__Source data__:
⟨
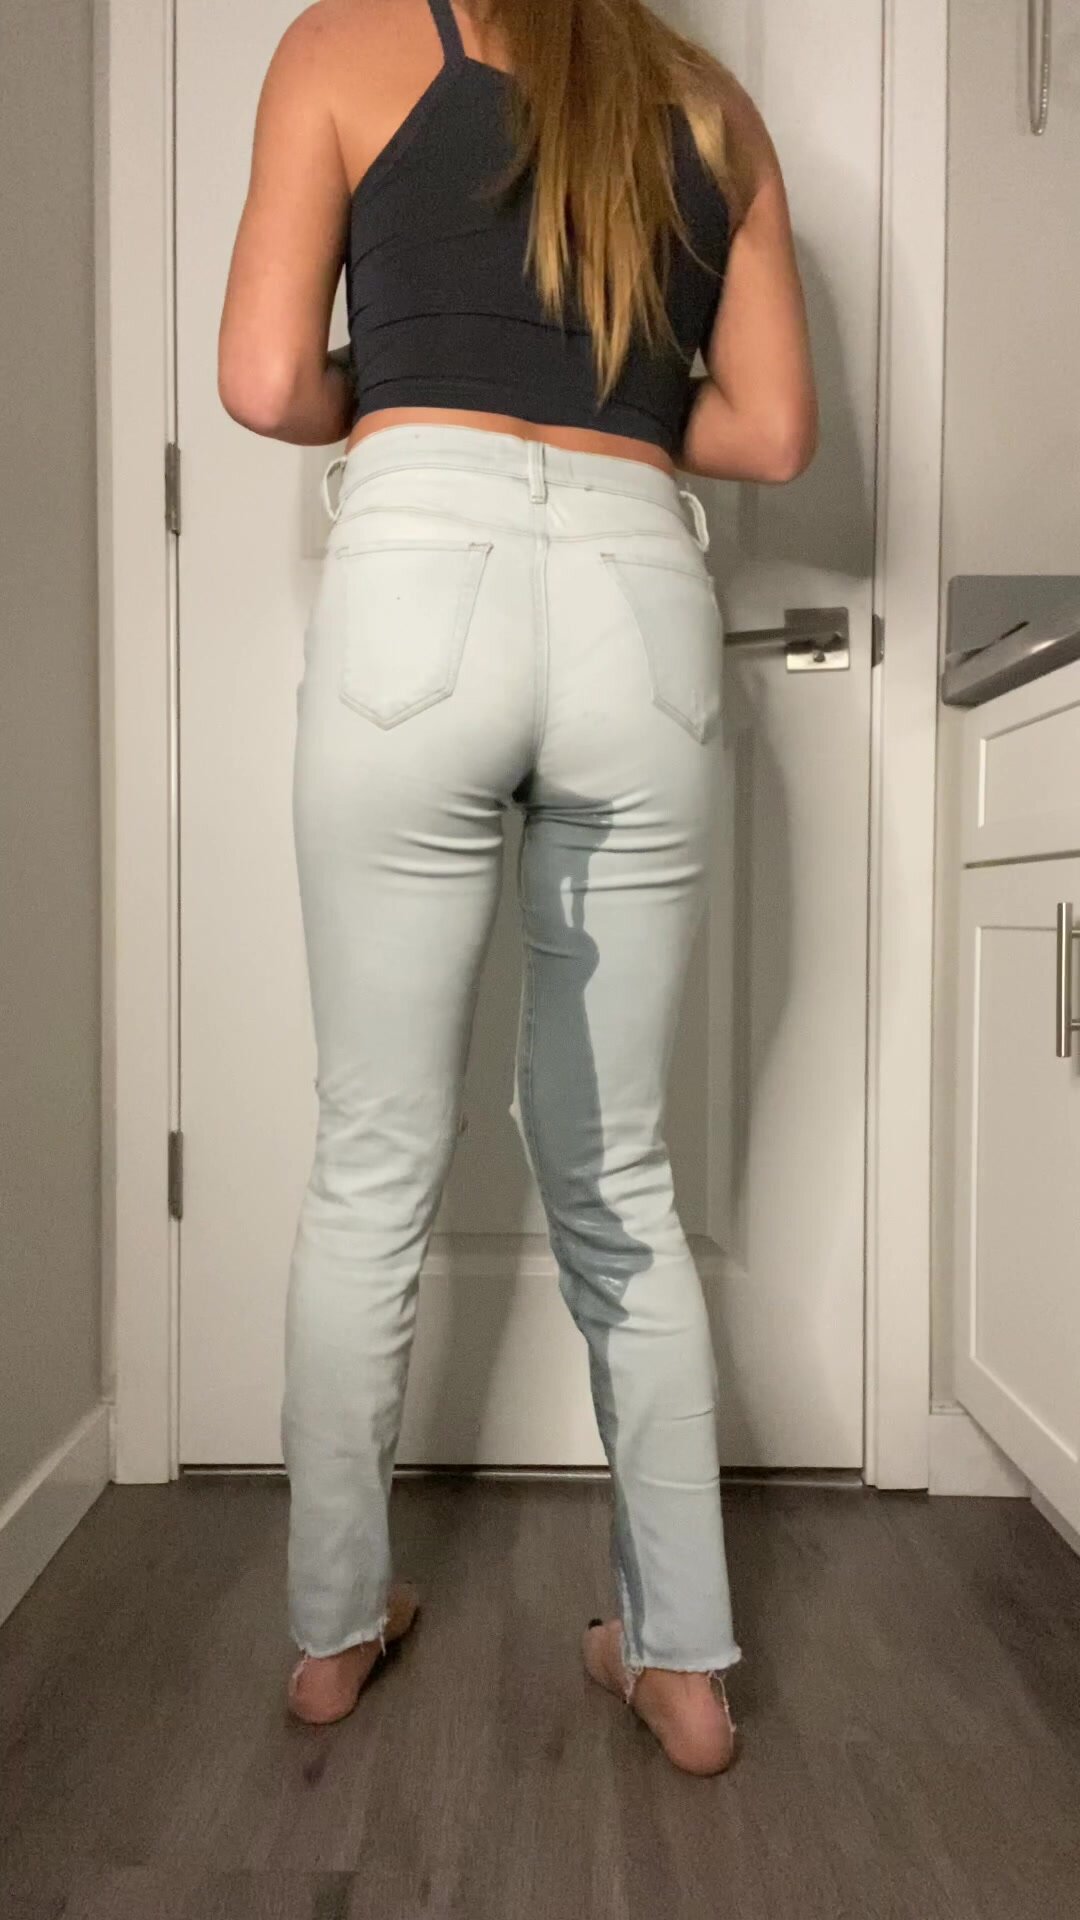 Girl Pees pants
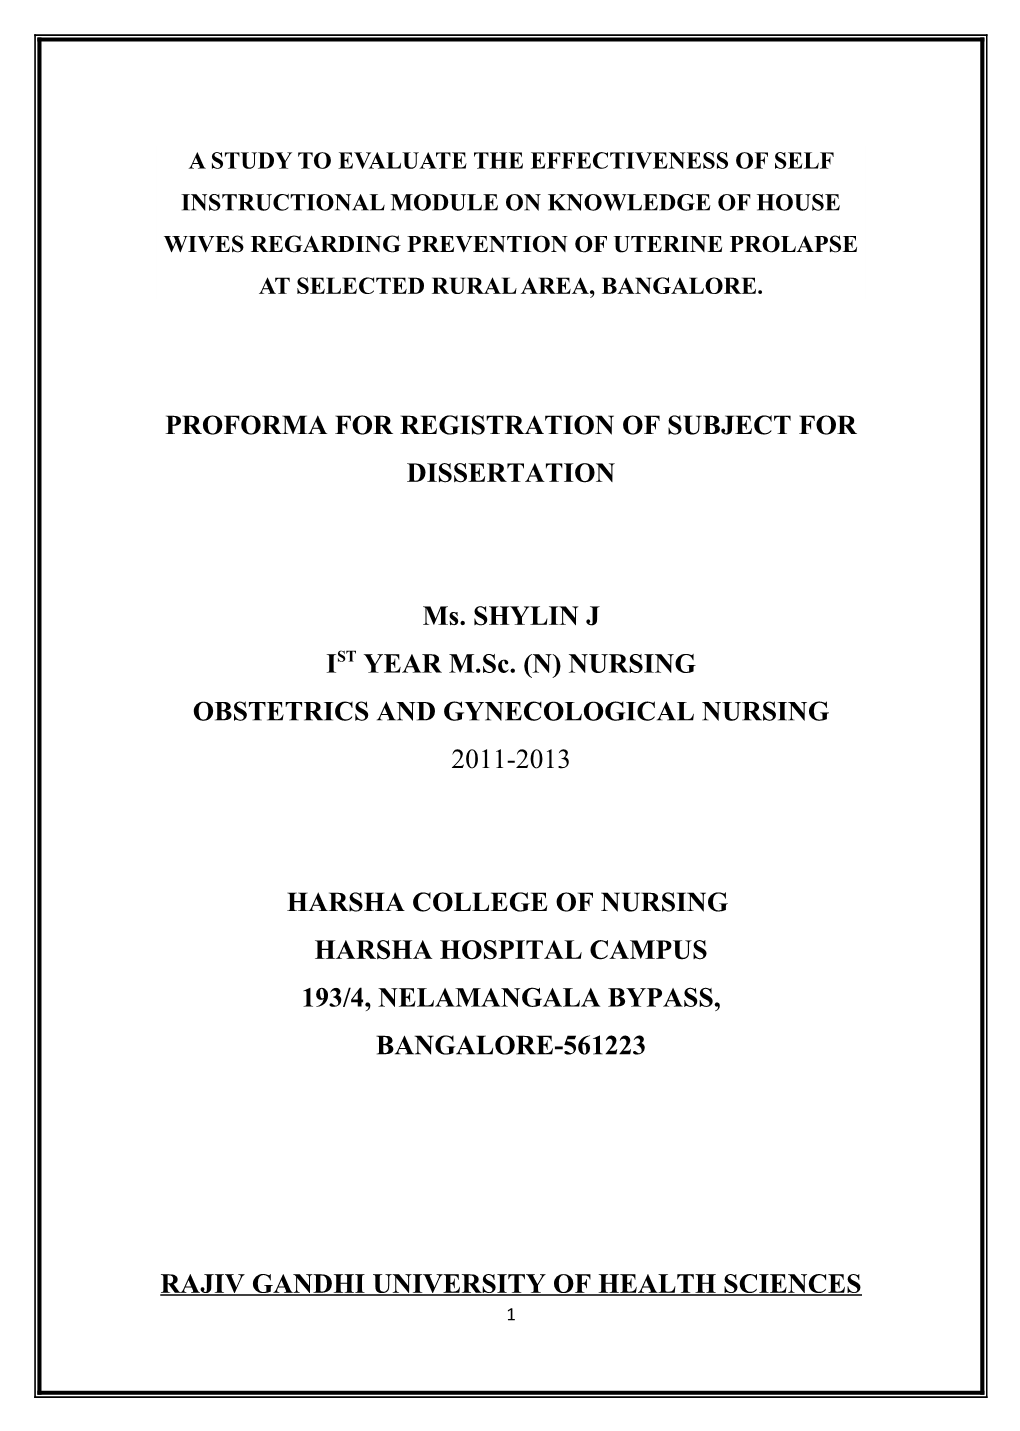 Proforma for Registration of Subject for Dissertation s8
⟩
⟨
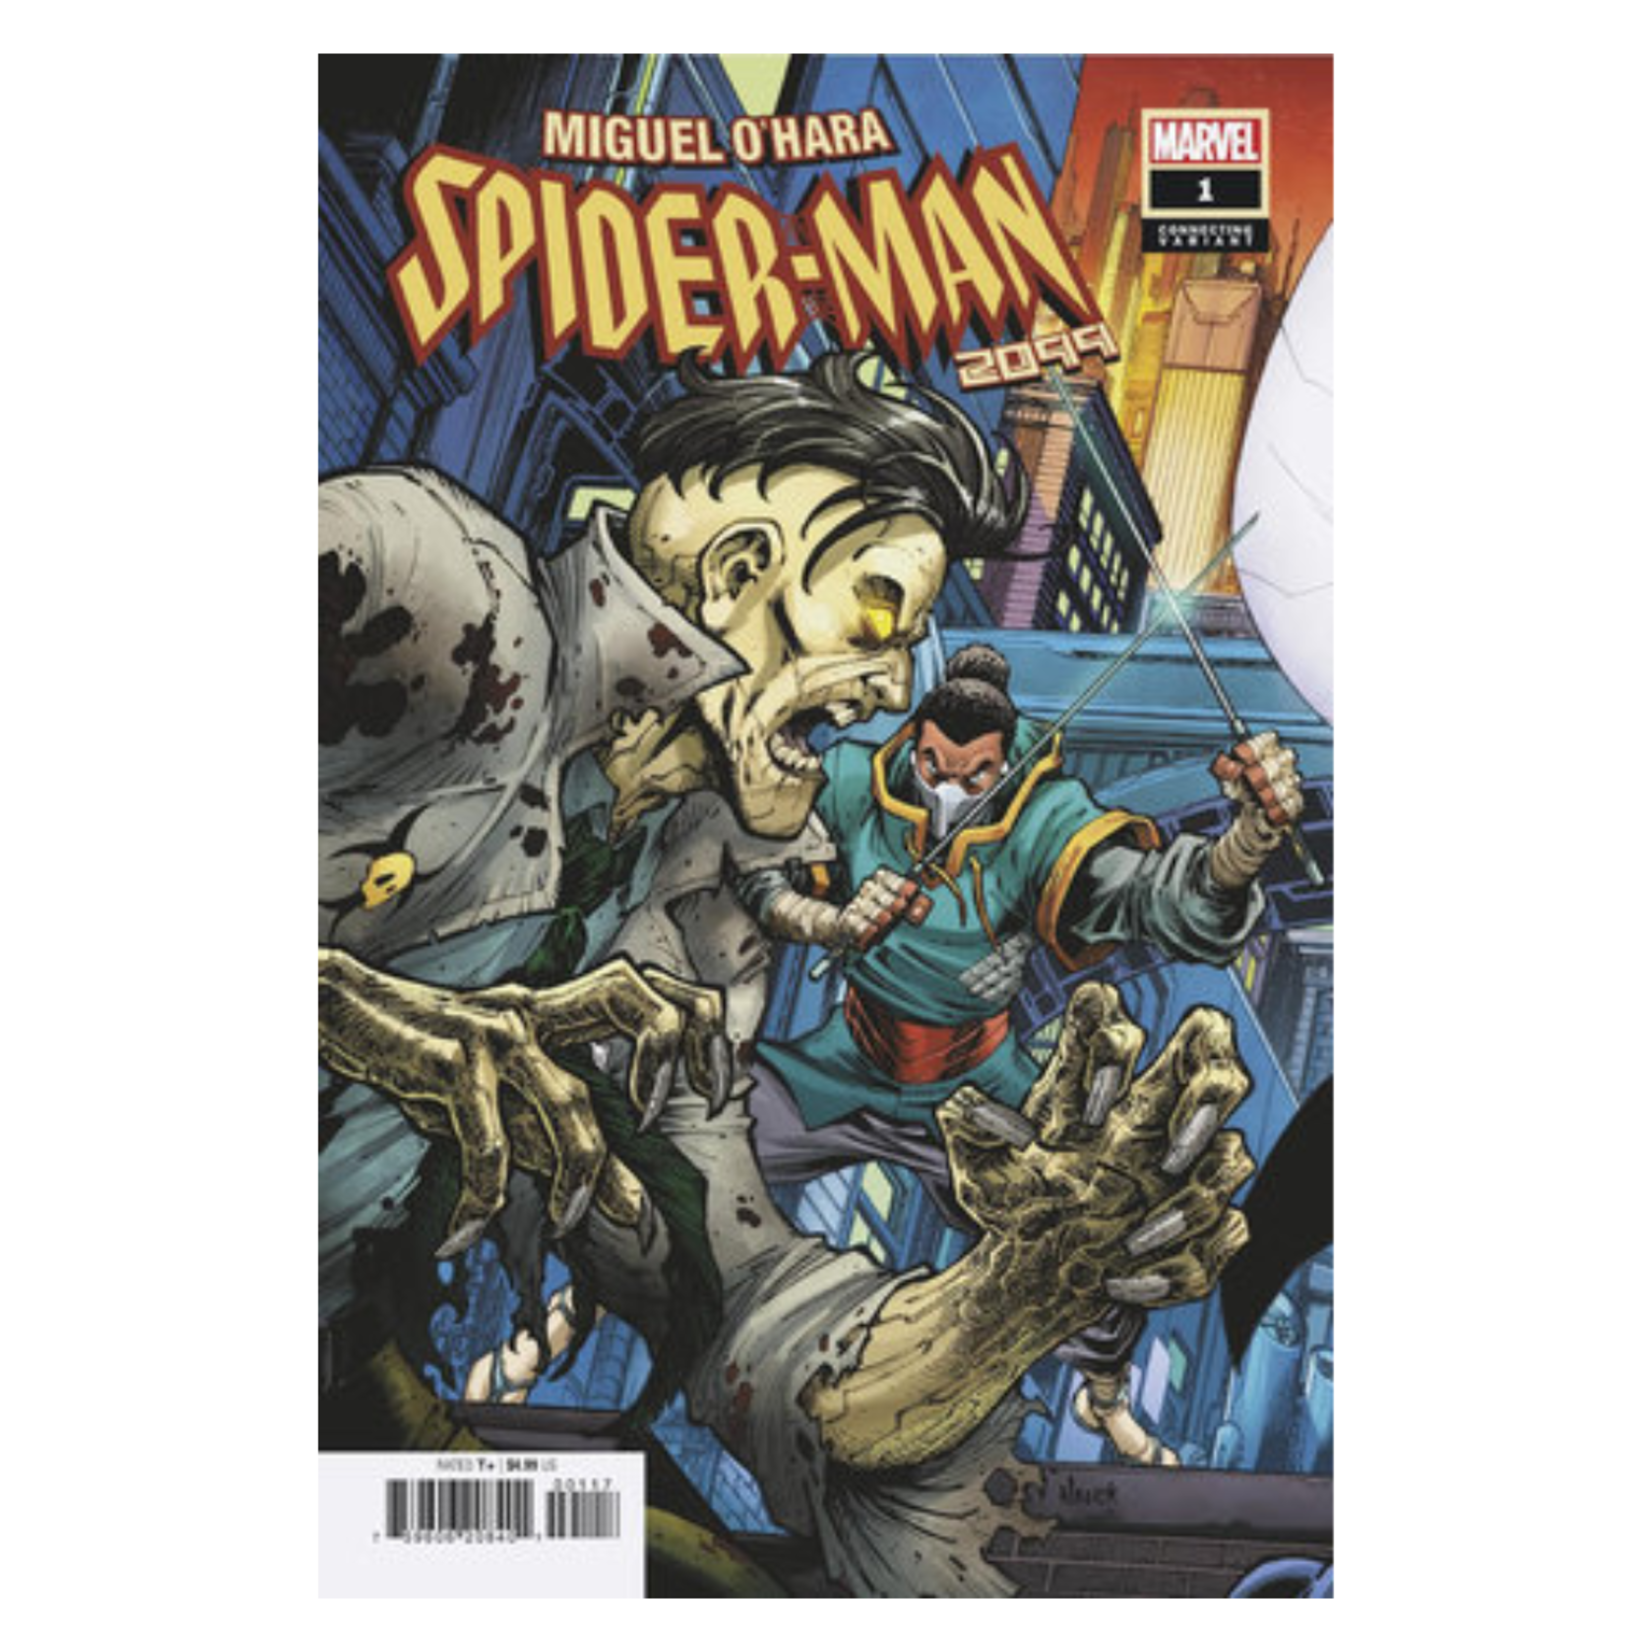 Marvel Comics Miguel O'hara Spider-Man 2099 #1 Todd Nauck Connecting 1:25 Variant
⟩
__What the task requires__: Copy only this from above: the line containing "Girl Pees pants", the line containing "Proforma for Registration", and all lines between, printed exactly. Leave out the pictures.

__Answer area__:
 Girl Pees pants
 Proforma for Registration of Subject for Dissertation s8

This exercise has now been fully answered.